New complex to offer affordable housing

Tenants for townhomes near Wright-Dunbar area would receive subsidies.

DAYTON — A Chicago developer working with the Dayton Metro Housing Authority got preliminary city approval Tuesday to build 60 townhomes at the intersection of Germantown and Broadway streets.

The townhomes would begin what is planned as a four-phase development called Germantown Village, stretching north from that intersection and featuring more than twice that many properties, according to Whitney Weller, senior vice president of Michaels Development Co.

The Dayton City Plan Board voted 5-0 to OK the first phase, and the proposal will go to Dayton City Commission on Aug. 31 for final approval.

“We see Germantown Village as a way to preserve affordable housing, so much of which has been demolished,” Weller said, pointing to similar projects her company has built in the New Orleans and Chicago areas.

“Affordable housing” properties are rented only to people who make less than 60 percent of the area median income. The local AMI for a family of four is about $61,000.

The 60 attached townhomes would be built in a four-acre area north of Germantown Street, between Broadway and Williams, just on the outskirts of the Wright-Dunbar neighborhood. The development would feature an equal mix of one-, two- and three-bedroom townhomes, along with a parking lot, playground and community room.

Developers hope to begin construction this winter and be completed in early 2013.
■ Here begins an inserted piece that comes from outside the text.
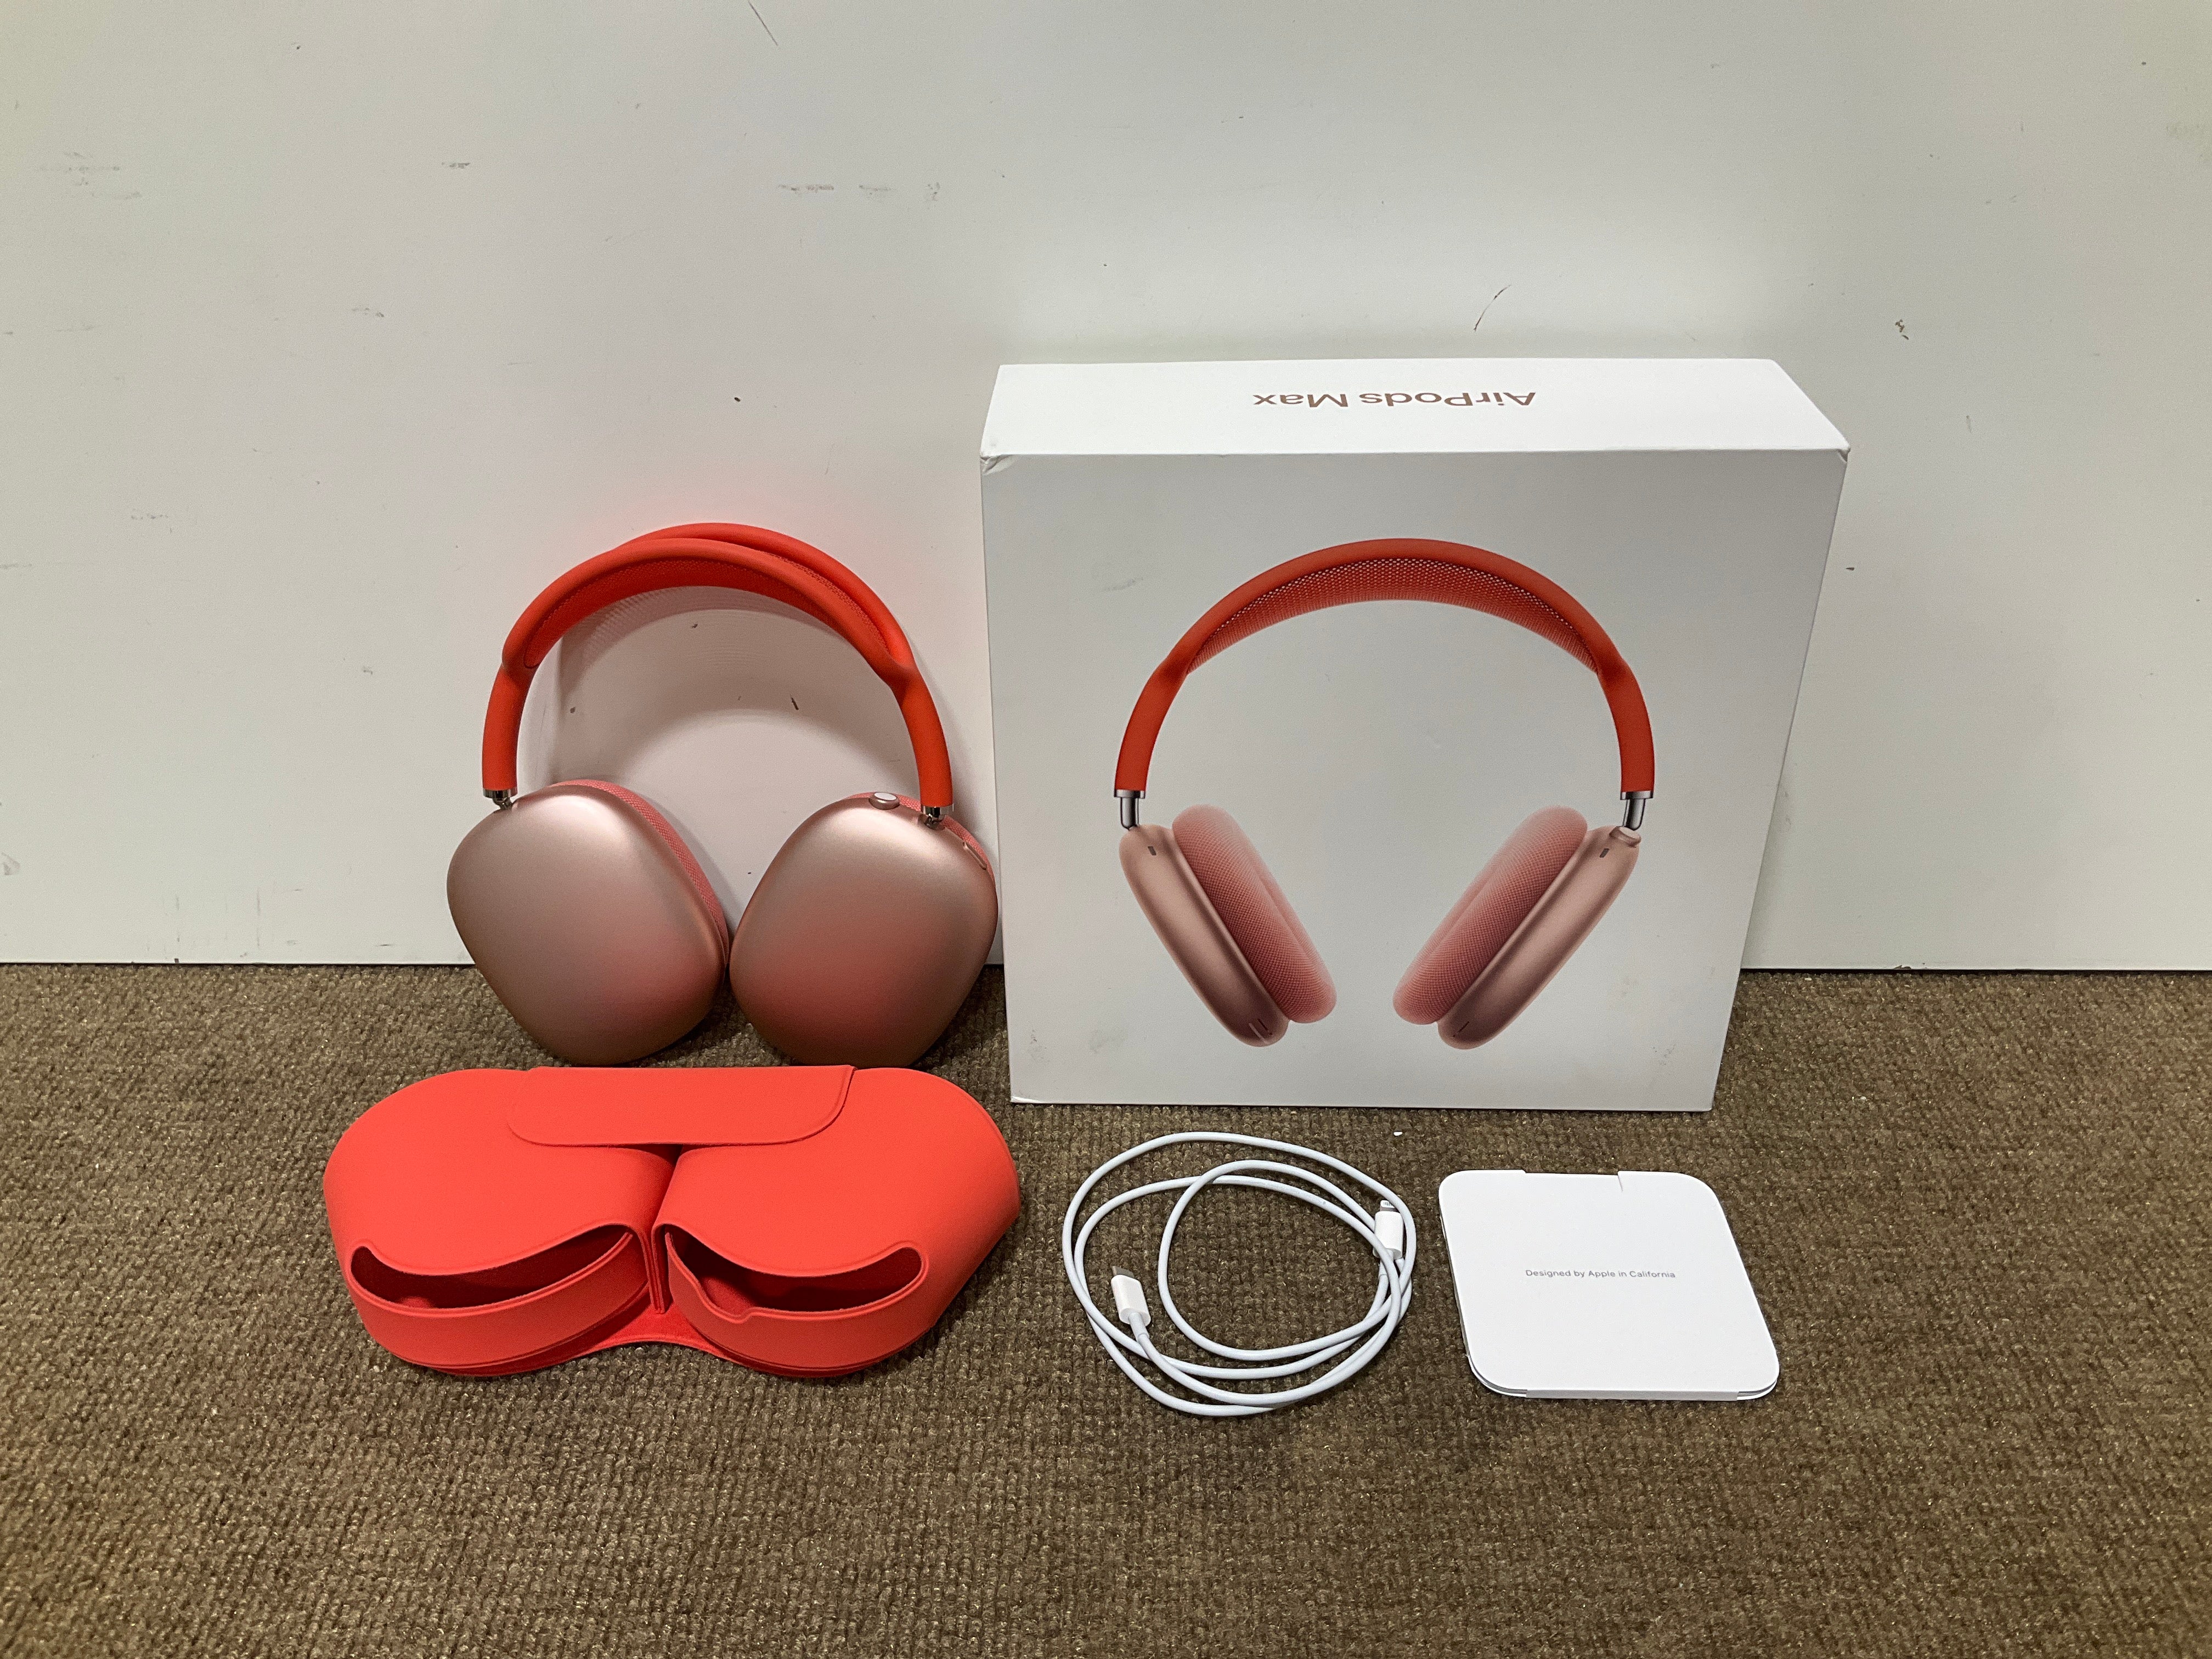 ♥ New, Open Box - Apple Airpods Max Pink MGYM3AM/A

The block is largely vacant land today. A few vacant homes would be razed, while four occupied properties will remain, with the development built around them. City documents say the developers tried to acquire those properties as well, but the owners declined. Scott Puffer, project manager for Model Group, which will handle construction, said his company is still in negotiations with a barbershop on Germantown Street.

Puffer said the first phase of the development would cost $11.4 million, with much of the funding coming from Ohio Housing Finance Agency tax credits.

“We will go into the difficult areas that, frankly, most developers wouldn’t touch,” Puffer said. “We pride ourselves on building affordable housing that is indistinguishable from market-rate.”

Weller said future phases of Germantown Village could have market-rate, or unsubsidized housing, as the development aims for a mixed-income approach.

Plan Board member Jeff Payne urged developers to do the first phase right, including attention to social services, or any future of the project would be doomed.